Activation Transport Operators
Andrzej Szablewski, Marek Masiak
TL;DR
Activation Transport Operators (ATOs) define explicit, regularised linear maps that predict downstream residuals from upstream residuals and test local linear transport in decoder-only transformers by evaluating in Sparse Autoencoder (SAE) feature space. The authors introduce transport efficiency and derive an upper bound on predictive variance via $R^2_{\text{ceiling}}$ from canonical correlations, linking this efficiency to the size of the Linear Transport Subspace (LTS). Empirically on a Gemma 2 2B model with SAEs, they show most linear transport occurs over short distances and in earlier layers, with transport diminishing for larger leaps and depth; ATOs cause only small increases in perplexity, enabling targeted diagnostics and potential low-cost edits. The results provide a compute-light probe of linear channels in LLMs and suggest avenues for attention-mediated routing and feature-targeted interventions.
Abstract
The residual stream mediates communication between transformer decoder layers via linear reads and writes of non-linear computations.
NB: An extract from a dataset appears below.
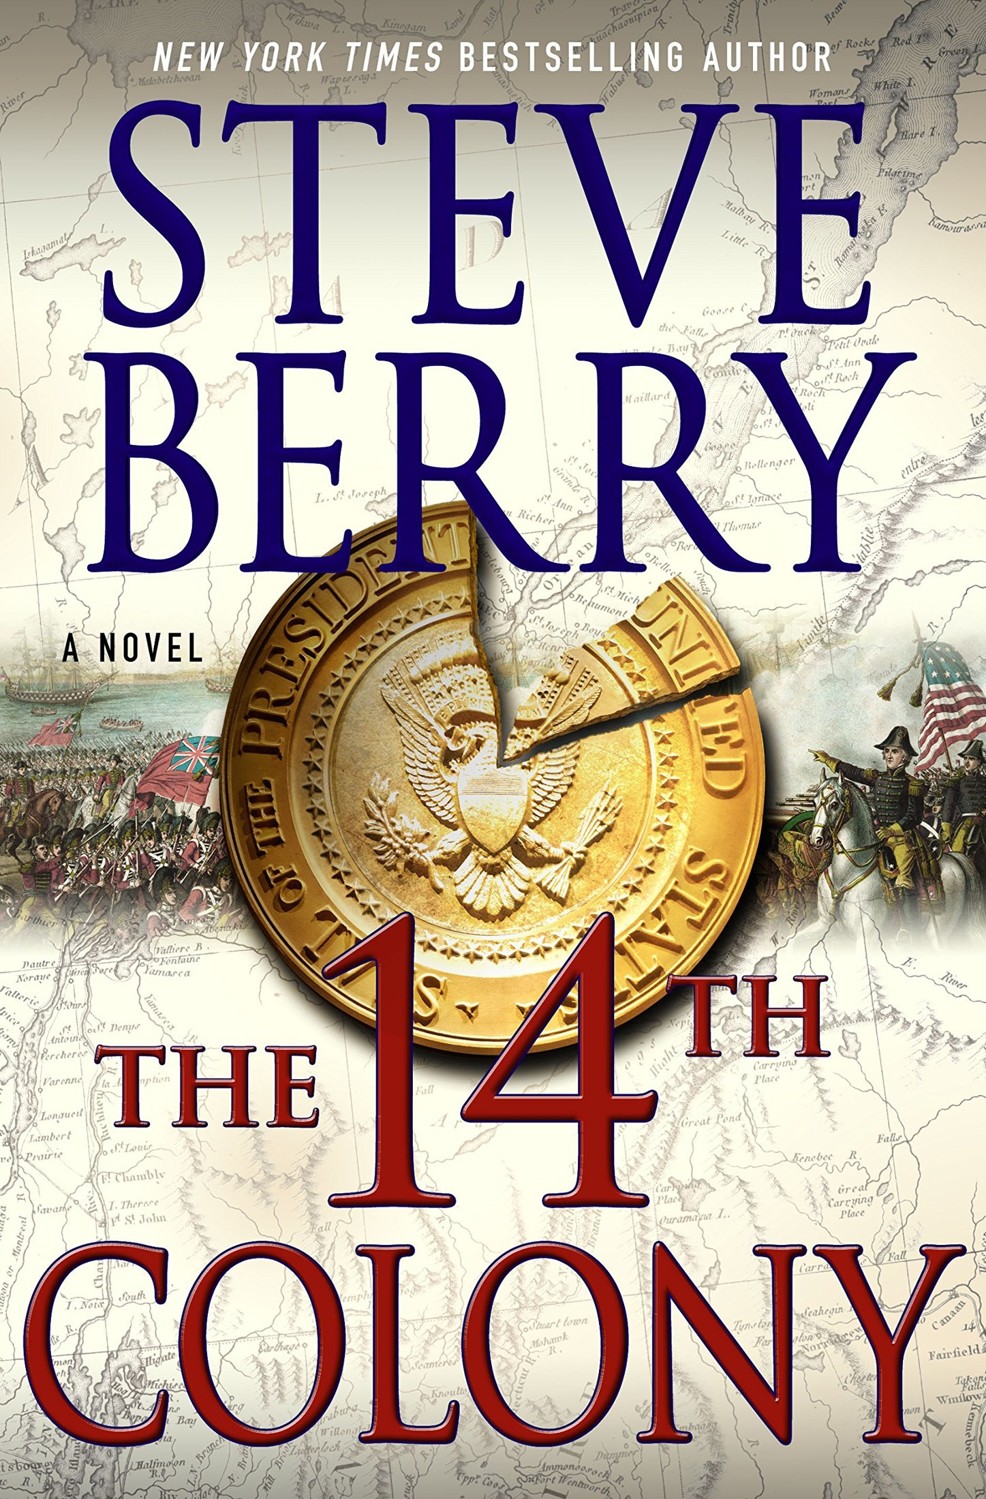 The 14th Colony: A Novel by Steve Berry

While sparse-dictionary learning-based methods locate features in the residual stream, and activation patching methods discover circuits within the model, the mechanism by which features flow through the residual stream remains understudied. Understanding this dynamic can better inform jailbreaking protections, enable early detection of model mistakes, and their correction. In this work, we propose Activation Transport Operators (ATO), linear maps from upstream to downstream residuals $k$ layers later, evaluated in feature space using downstream SAE decoder projections. We empirically demonstrate that these operators can determine whether a feature has been linearly transported from a previous layer or synthesised from non-linear layer computation. We develop the notion of transport efficiency, for which we provide an upper bound, and use it to estimate the size of the residual stream subspace that corresponds to linear transport. We empirically demonstrate the linear transport, report transport efficiency and the size of the residual stream's subspace involved in linear transport. This compute-light (no finetuning, <50 GPU-h) method offers practical tools for safety, debugging, and a clearer picture of where computation in LLMs behaves linearly.